OBJECTIVE : To evaluate the phenotype and genotype characteristic of patients included in the Andalusian Registry for familial adenomatous polyposis, the genotype/phenotype correlation and the impact of Registry in the frequency of colorectal cancer of registered.

MATERIAL AND METHODS : A descriptive study of 77 patients with FAP belonging to 33 families, included in a centralized database visited by the physicians of the hospitals taking part in the present study, on prior signing of confidentiality letters. All genetic studies were carried out in the Immunology Service of our institution.

RESULTS : We have included in our study 77 patients of 33 families; 31 probands with a mean age of 32 years (13-51) and 46 relatives at risk with a mean age of 21.8 years (6-55). Genetic study informed in 68/77 with positive result in 92.6%. Ten probands showed colorectal cancer (CRC) at the time of diagnosis (32.2%). Only two affected relatives showed CRC at diagnosis (4.3%), a statistically significant difference (p < 0.05). Gastrointestinal involvement was observed in 30/61 (49%), desmoid tumors in 7/77 (9.1%) and congenital hypertrophy of the retinal pigment epithelium in 23/55 (65.7%). 86.7% of patients with this alteration showed mutations between codons 454 and 1019, with a statistically significant correlation ((p < 0.05).

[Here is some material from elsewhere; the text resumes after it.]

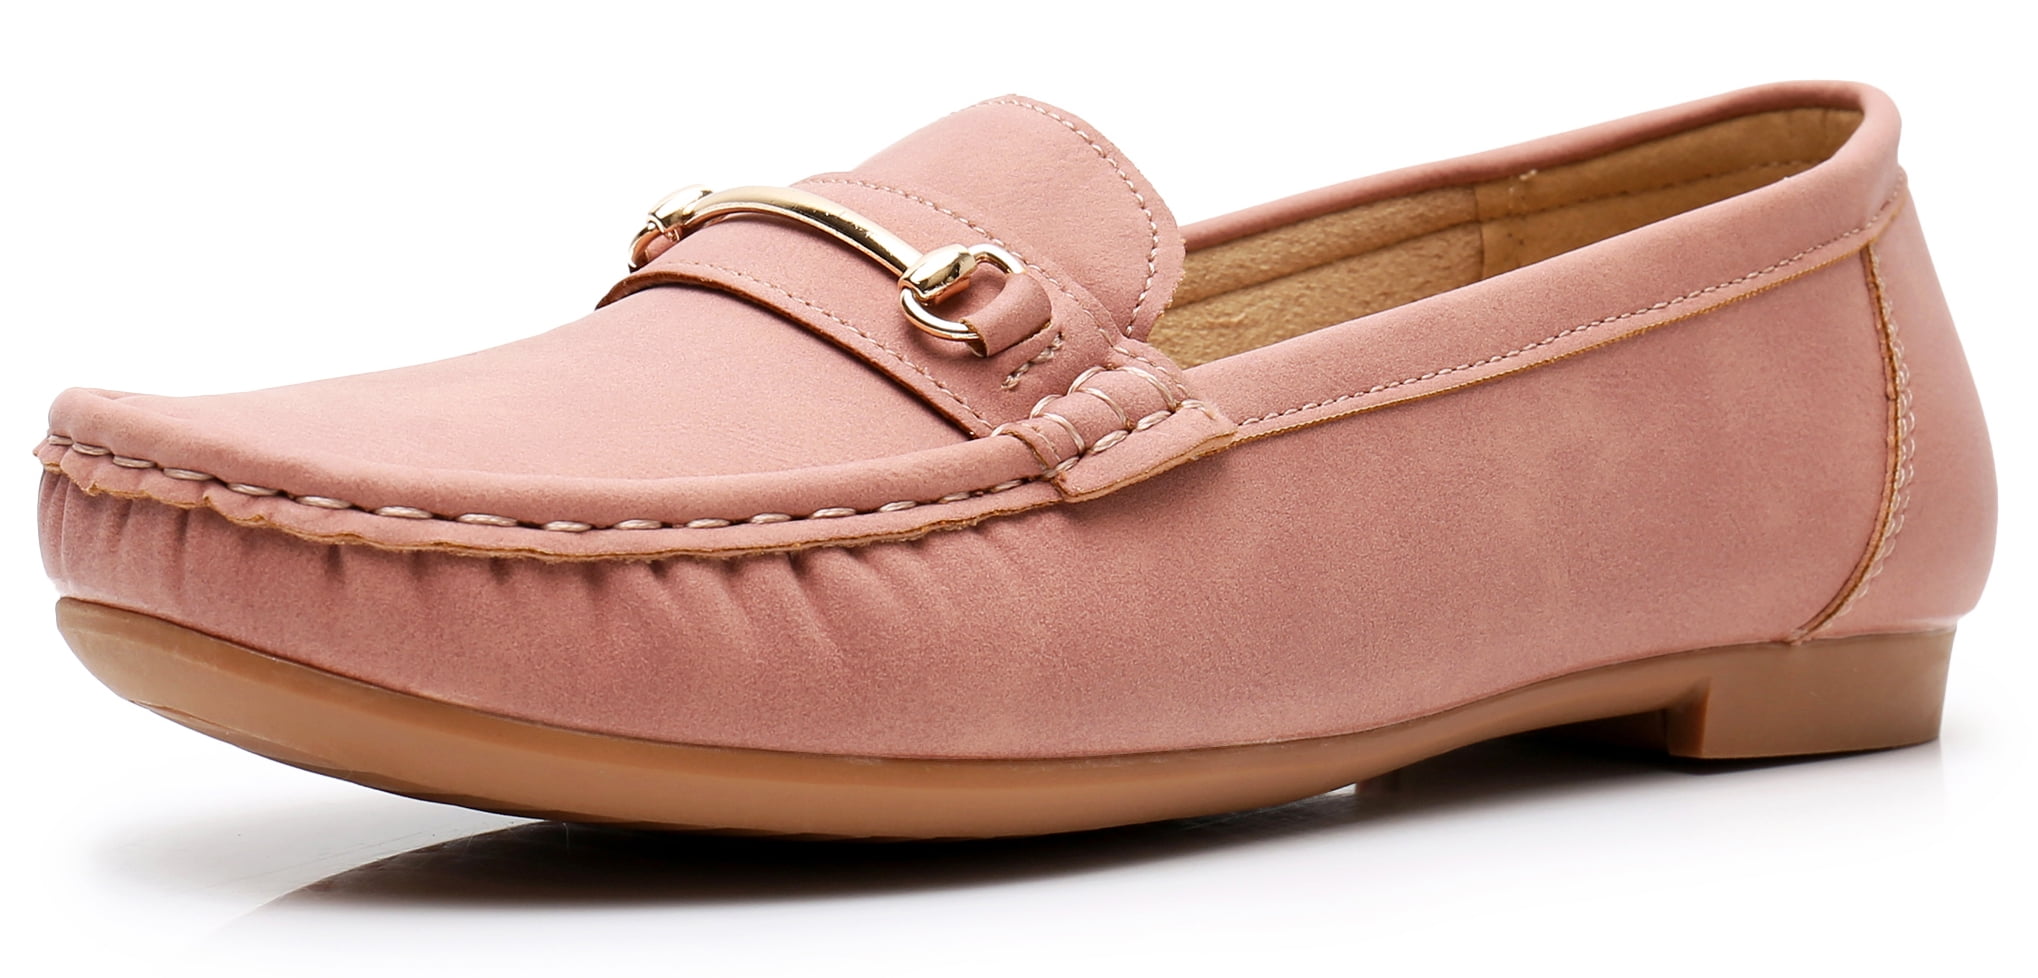 Womens Ladies Girls Moccasins Flat Loafers Comfort Boat Shoes Size 3 4 5 6 7 8

CONCLUSIONS : The registry has facilitated the genetic diagnosis for all affected families disregard their province of origin. It has also improved the screening of affected relatives and has made it possible to take preventive measures immediately, therefore diminishing the incidence of CRC at diagnosis in registered affected relatives. The correlation between congenital hypertrophy of the retinal pigment epithelium with some mutations is the only phenotypic-genotypic correlation with statistical significance.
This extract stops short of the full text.